首都圏の暴走族組織に所属していた会社員(36)は、苦笑い混じりにこう話す。暴走族の構成員数がピークだった82年は、「横浜銀蝿」「なめ猫」「積木くずし」の流行からも分かる通り、古典的な不良の時代。表面的には体制に従い、仲間とのつながりはゆるく、個人が趣味を追求する現代とは対照的だ。

長年、暴走族対策にかかわった警察関係者も「ちょっと前まで関東近郊の警察署の中庭には、ゾクから押収した改造バイクが判で押したように並んでいたものです。でも最近は、50−125CCクラスのミニバイクが関の山。当時からみればかわいいもんで、われわれとしては歓迎すべき傾向ですよ」と笑う。

暴走族関係者が愛読するモーター雑誌の編集者も「若い人たちの間では、暴走族というより『珍走団』という名称が一般化しています。言葉の響きからして、いかにも頭が悪くカッコ悪い印象。これがもっと浸透すれば、暴走族自体が過去の伝統芸能みたいな存在になっていくんでしょうね」としみじみ語る。昨年5月、沖縄県警宜野湾署は、暴走族を「ダサイ族」と命名して話題になった。警察や公的機関が公式に「珍走団」と命名すれば、“絶滅”はさらに早まるだろう。
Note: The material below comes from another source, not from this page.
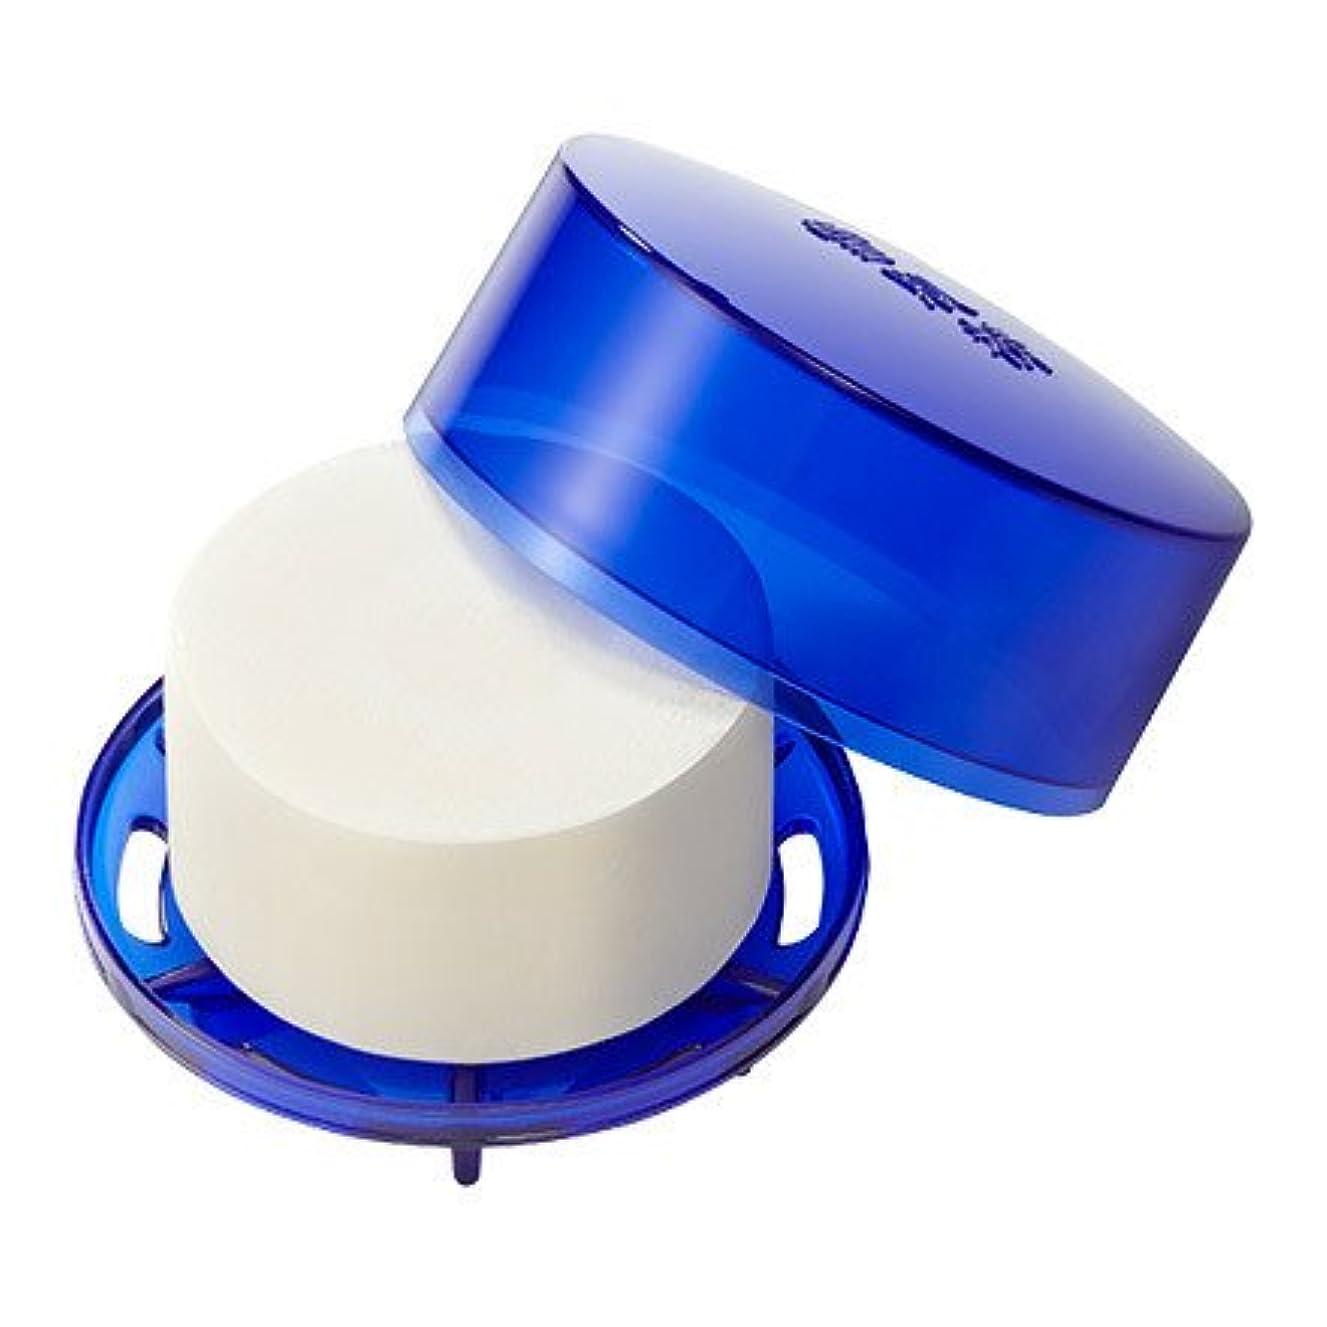 有効なカブムスタチオコーセー 雪肌精 化粧水仕立て石けん 100g [並行輸入品]

一般市民としては歓迎すべきことだが、多少の懸念を示す専門家もいる。教育評論家の尾木直樹氏はこう話す。「彼らの迷惑行為を肯定するものではありませんが、当時のように不満の発露が分かりやすかった時代に比べると、現代の子供たちは個々が分散して、不満に直面すると地雷のようにキレてしまう。現代のほうが、ある意味危険とも言えます」

逆に最近は、冒頭のような30−50代の“OB”たちが、「旧車会」を名乗って集団走行するケースも頻発している。かつての青春が風前のともしびとなったことに対する、せめてもの抵抗なのか。